The flat roofs are composed of asphalt, felt, and gravel and concealed behind the parapets. The portico roof drainage consists of a pipe cast into the center of one of the columns at each portico.
Concrete steps with concrete-capped cheek-walls ascend to the porticoes, while side steps descend about three feet to the ground floor entry areaways under the porticoes. The narrow yard between the porticoes is fenced from the driveway by heavy concrete posts strung through with a heavy iron chain, said by an elderly former student to be original to the school building.
While the front and rear facades are mostly glass, the end walls contain only one small window centered on each floor which is used to ventilate the restrooms. The concrete panels are inset at the end walls where windows and spandrels would occur, thus carrying through the facade pattern of pilaster columns, mullions, belt-courses, parapets and spandrel panels.
All of the rooms have thick reinforced concrete floors, walls, and ceilings as their original finished surface. Most rooms now have post-1950 types of acoustically absorbent suspended fiber ceiling tiles, and asphalt or vinyl-asbestos tile floors. The auditorium retains what may be the original incandescent lights, although most rooms have more recent fluorescent fixtures. All the restrooms were rebuilt after 1960.
Each floor features a long central hallway terminating in a restroom at each end and flanked by rows of identical classrooms. Only the third floor varies from this arrangement since the large auditorium occupies the center of this level. The stage is in excellent original condition, but the seating has been removed, and the auditorium is now used principally as a library. One rear corner has been enclosed by temporary, eight-foot-high partitions to create a room approximately twenty feet square.
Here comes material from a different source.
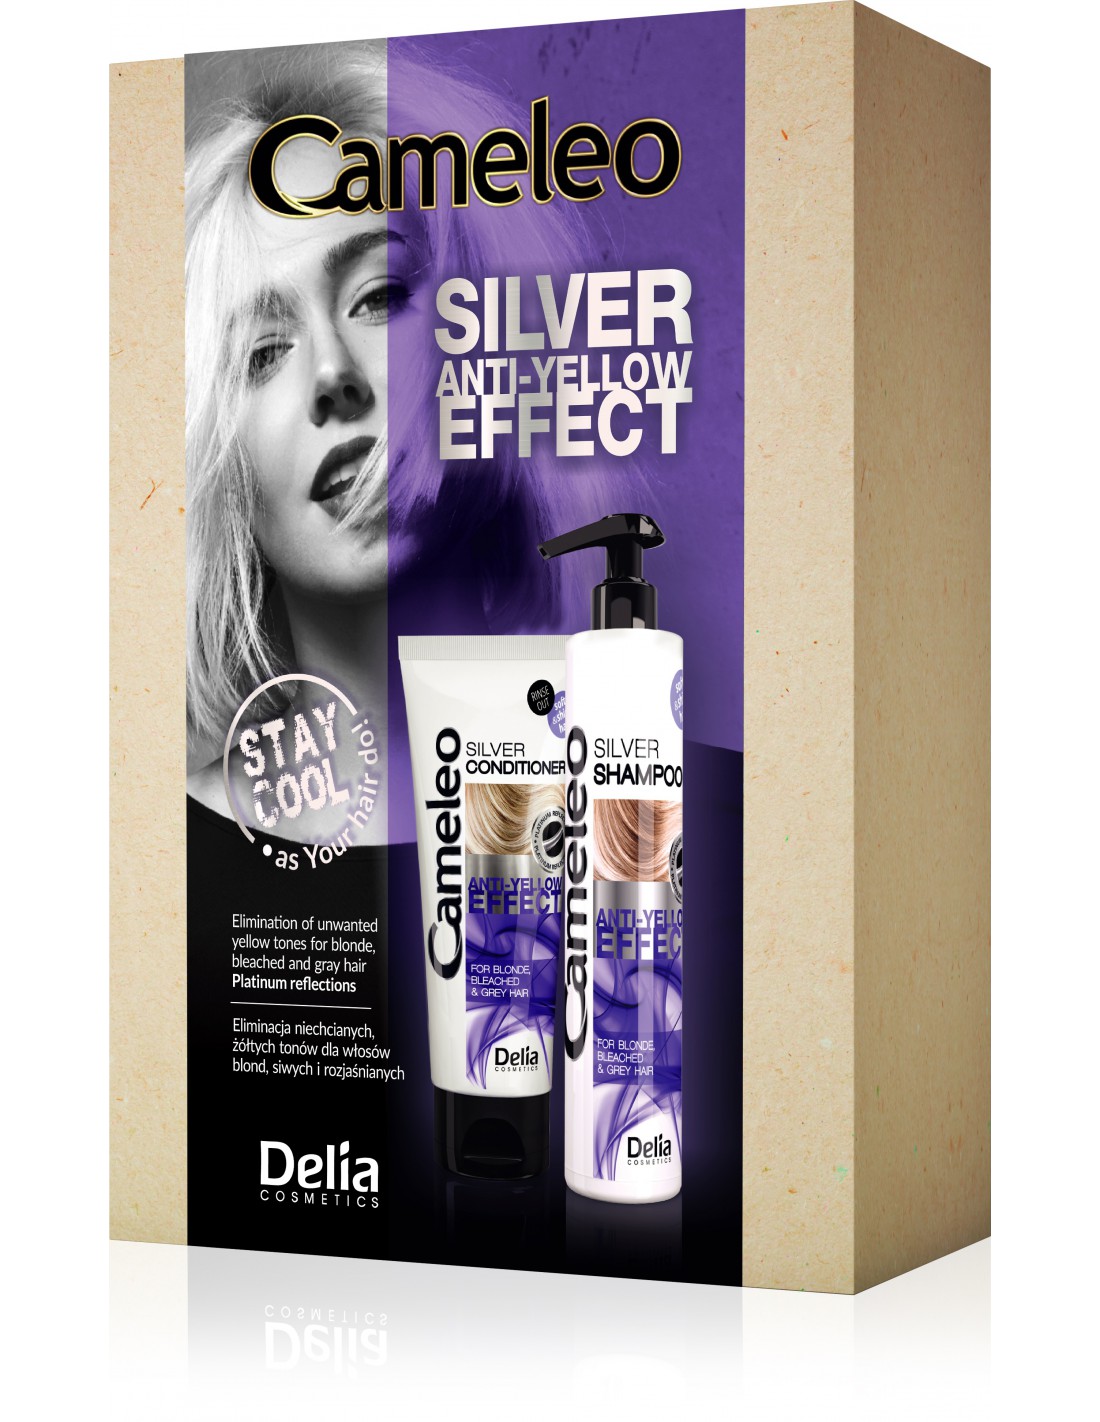 delia cameleo szampon do włosów blond i rozjaśnianych silver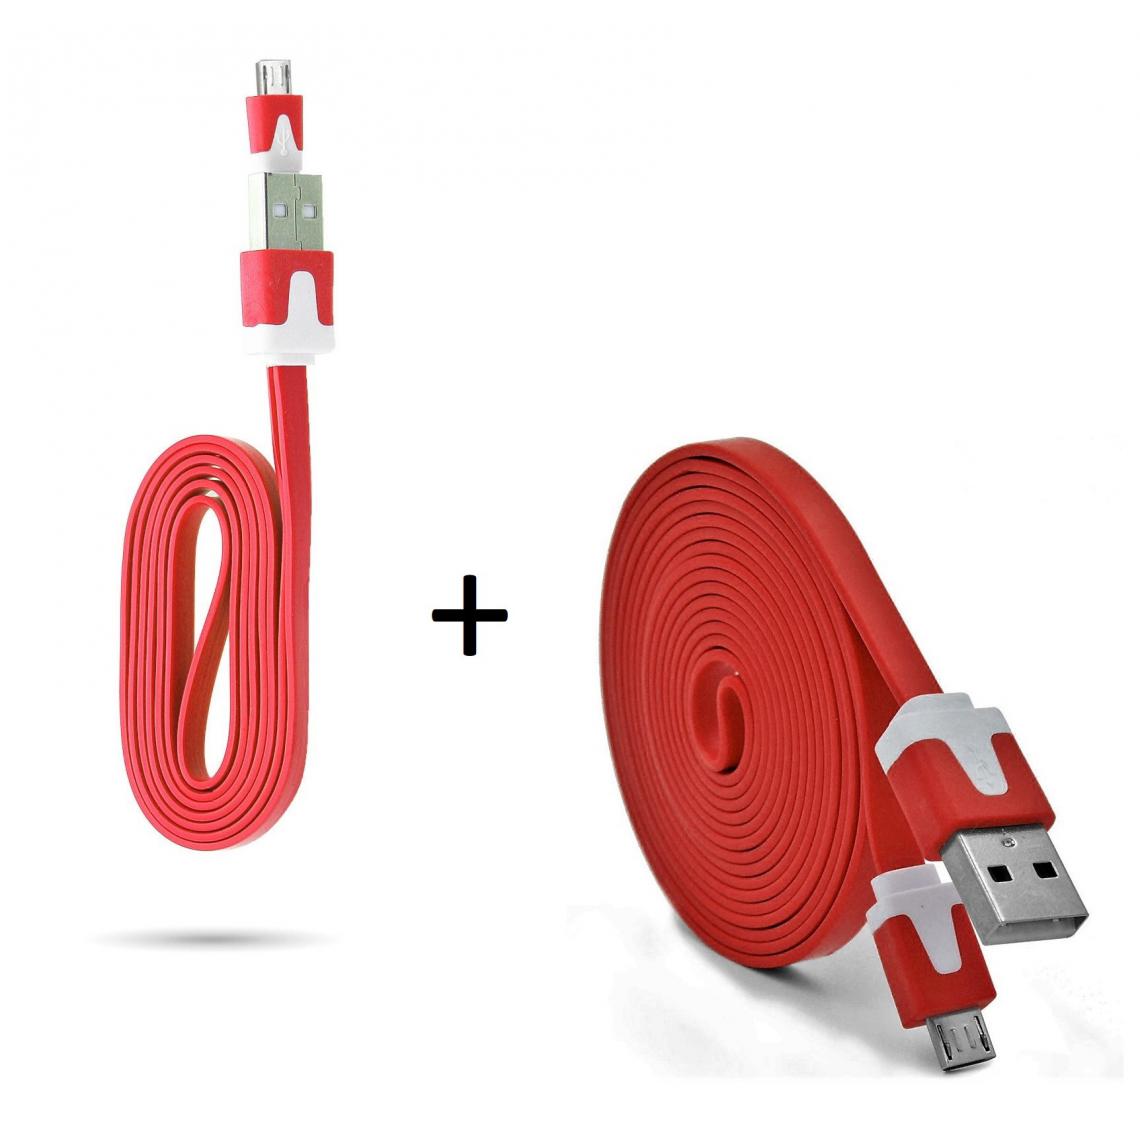 Shot - Pack Chargeur pour JBL CLIP 3 Smartphone Micro USB (Cable Noodle 3m + Cable Noodle 1m) Android (ROUGE) - Chargeur secteur téléphone

There are two stairways, one at each end opposite the entrances; they too are constructed of solid concrete.
Other alterations to the school include moving the small principal's office to a main floor classroom and converting three basement classrooms into a cafeteria in 1948. Otherwise, the school survives in remarkably original condition.
The school was originally surrounded by a tall chain-link fence which was locked each night at 8. Today only the concrete posts marking the rear and south gates remain.